[[ RECORDS PROVIDED open ]]

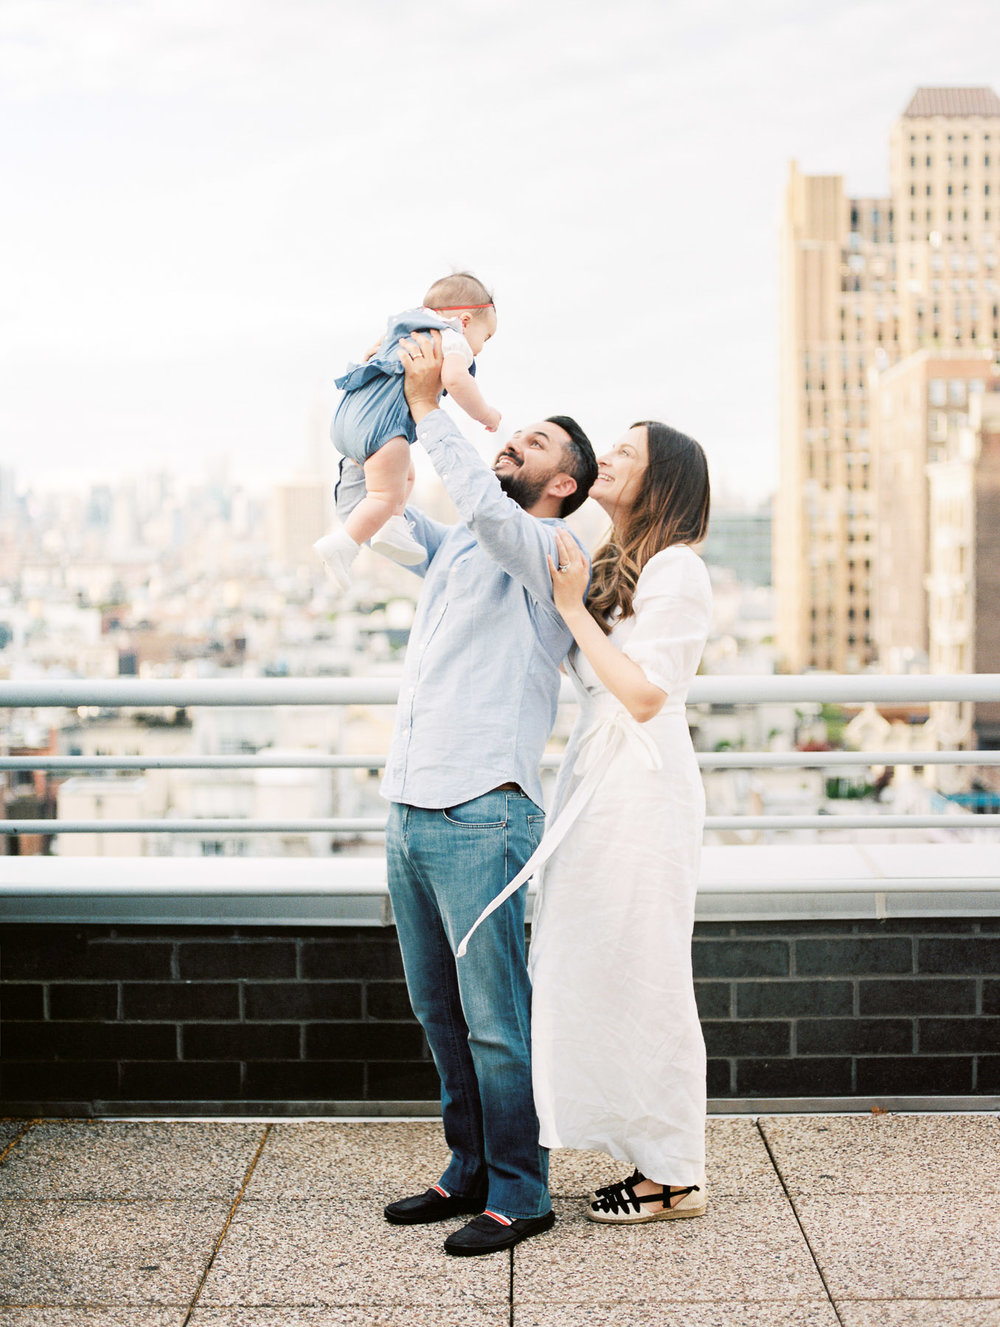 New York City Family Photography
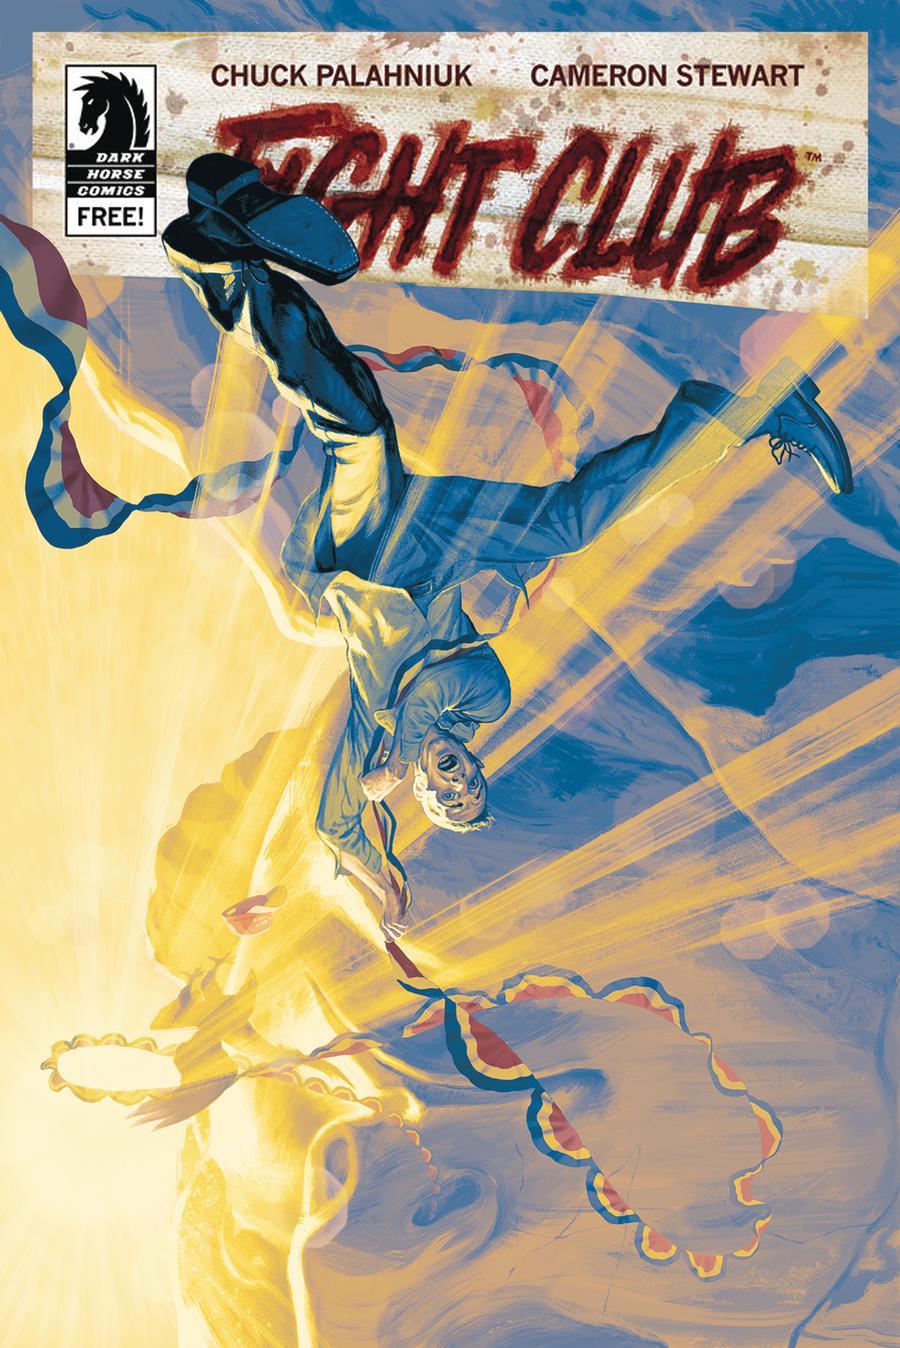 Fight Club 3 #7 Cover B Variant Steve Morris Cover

[[ RECORDS PROVIDED closed ]]
[[ RECORDS PROVIDED open ]]

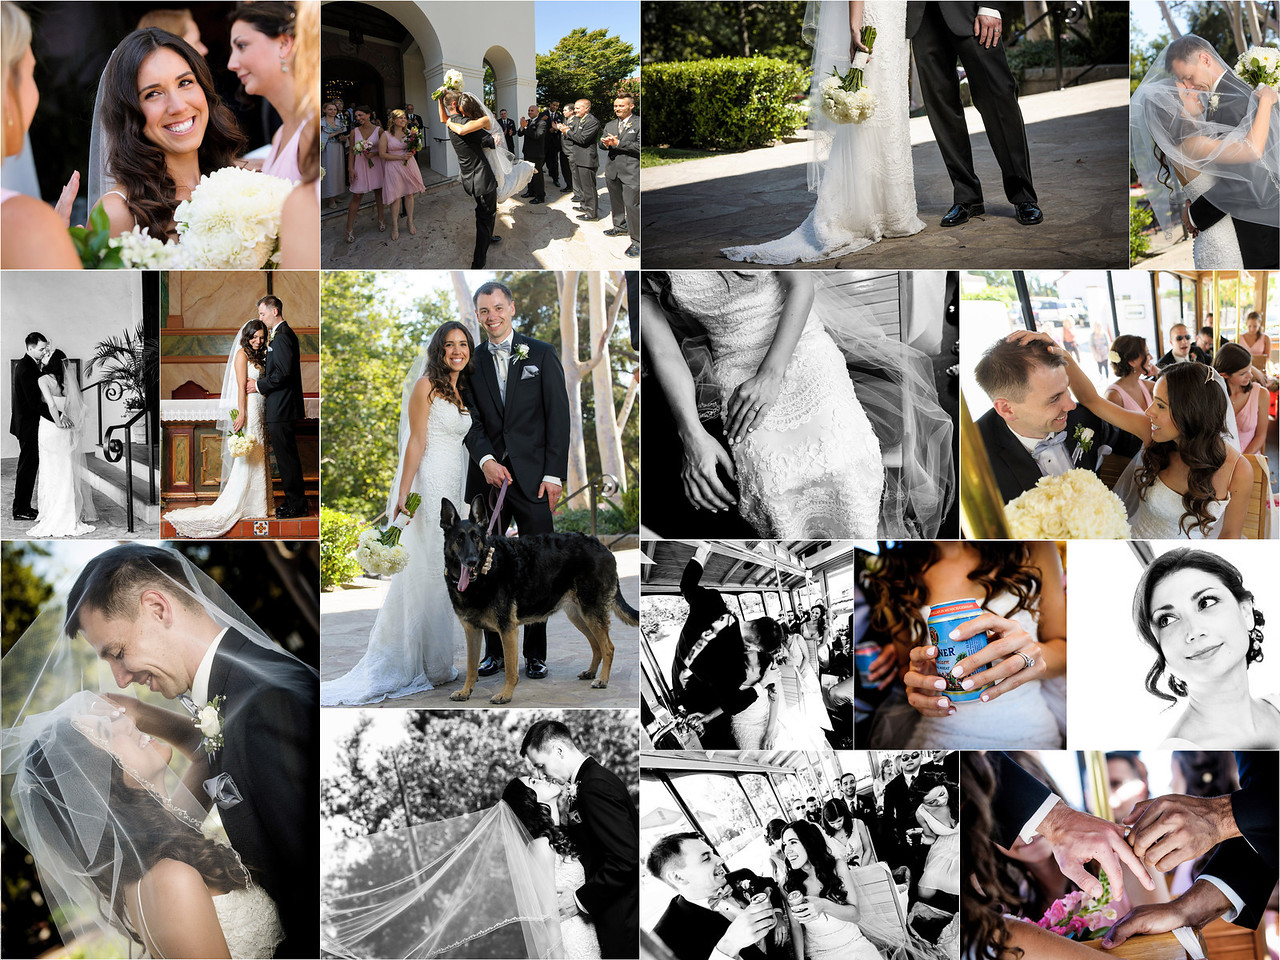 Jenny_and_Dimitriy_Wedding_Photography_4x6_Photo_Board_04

[[ RECORDS PROVIDED closed ]]

WHAT TO PRODUCE
In the listing above, find the line containing "New York City Family Photography" and the line containing "Fight Club 3", then print exactly those two lines and every line between them, minus the pictures.

EXERCISE SOLUTION
 New York City Family Photography
 Fight Club 3 #7 Cover B Variant Steve Morris Cover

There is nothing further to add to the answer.